Światowy gigant – google kupił serwis YouTube w 2006 roku, zaledwie po roku od jego założenia, za 1,65 mld dolarów. Już wtedy prezes google zapowiadał, że wspólnie z platformą zaoferują użytkownikom całkiem nowe możliwości. Dużą zmianą było wprowadzenie filmów 360 stopni. Dziś każdy z nas posiada już swoje konto na portalu, na którym gromadzi swoje filmiki, udostępnia je i komentuje nagrania z całego świata. Mało prawdopodobne, żeby jakikolwiek serwis był w stanie zagrozić serwisowi YouTube.

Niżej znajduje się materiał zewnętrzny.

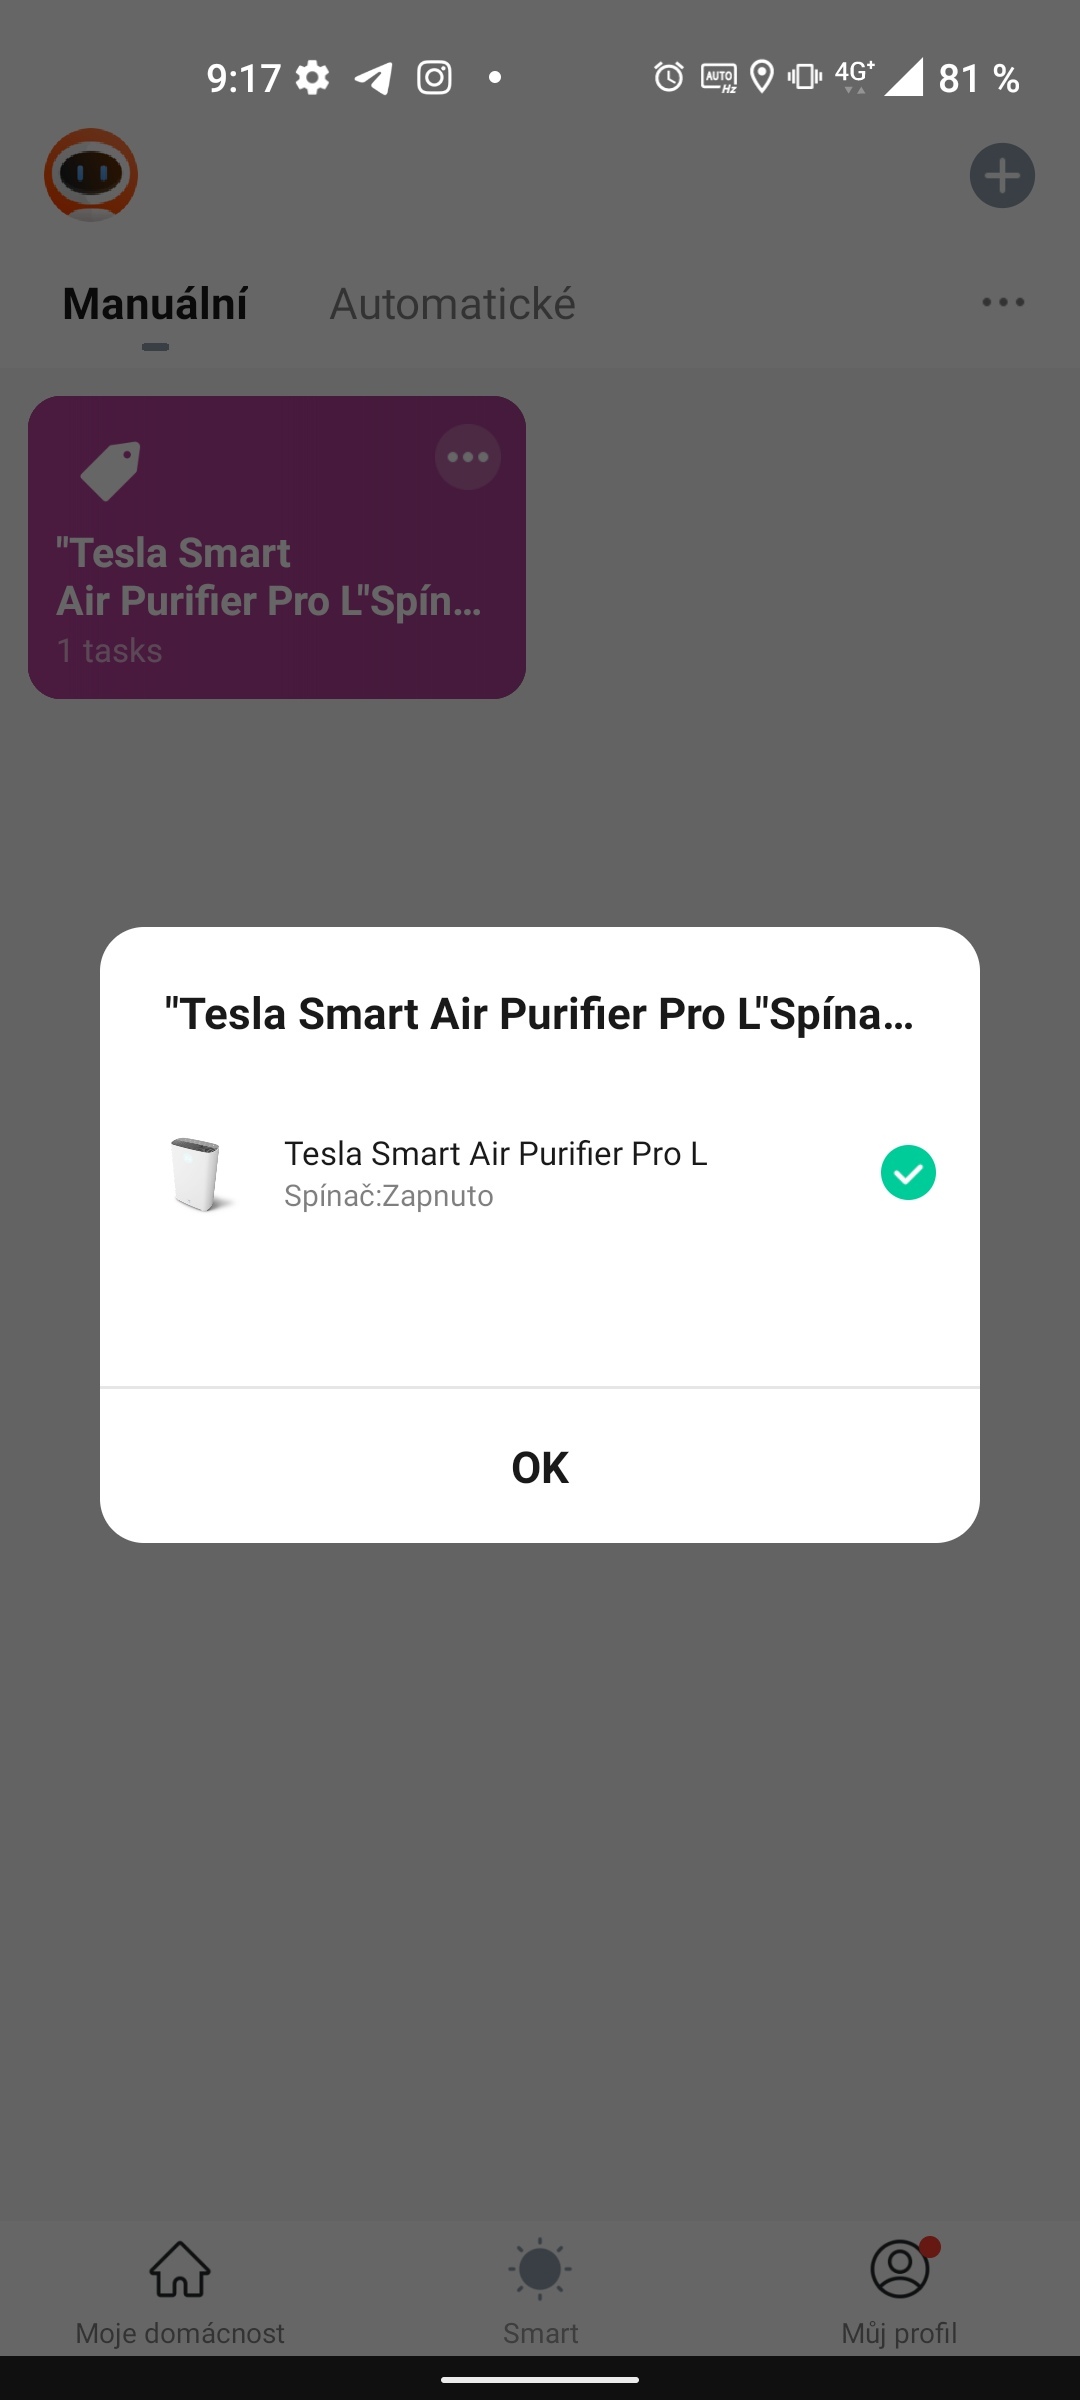 Tesla Smart Air Purifier Pro L

Odkąd google szuka sposobu, by jak najwięcej wyciągnąć z serwisu, można na nim zauważyć wzmożoną ilość reklam. Mimo to serwis wciąż nie przynosi oczekiwanych zysków. Świetnie zarabiają na nim popularni vlogerzy z całego świata, niestety sam google już niekoniecznie. Czy rozwiązaniem tego problemu będzie płatna wersja serwisu, YouTube Red?
Już 28 października 2015 roku swój debiut będzie miał płatny serwis. Nie uważacie, że podobieństwo w nazwie do innego portalu o podobnej nazwie jest niepokojące. Nic bardziej mylnego, to naszym zdaniem celowy zabieg. Nazwa YouTube Red, a RedTube (portal z treściami erotycznymi) różnią się nieznacznie ale zdziwienie użytkowników chcących trafić na stronę z treściami dla dorosłych mogą się bardzo zdziwić, ale co ważne stanie się to czego oczekują właściciel YouTube Red czyli google. Płatny YouTube zwiększy świadomość ludzi o istnieniu tego serwisu. W internecie tak jak w życiu: hajs musi się zgadzać. A ludzie muszą subskrybować nowy portal, żeby napędzić zyski.
https://www.youtube.com/watch?v=YL9RetC0ook
YouTube Red będą mogli najpierw przetestować mieszkańcy Stanów Zjednoczonych. Cena miesięcznej subskrypcji wyniesie 9,99 dolarów za wersję na komputer i na androida, za 12,99 dolarów trzeba będzie wykupić dodatkowy pakiet, za wersję na system iOS. Każdy zainteresowany mieszkaniec USA będzie miał szansę wypróbować darmową 30-dniową wersję serwisu. Mamy nadzieję, że w Europie również będzie taka możliwość.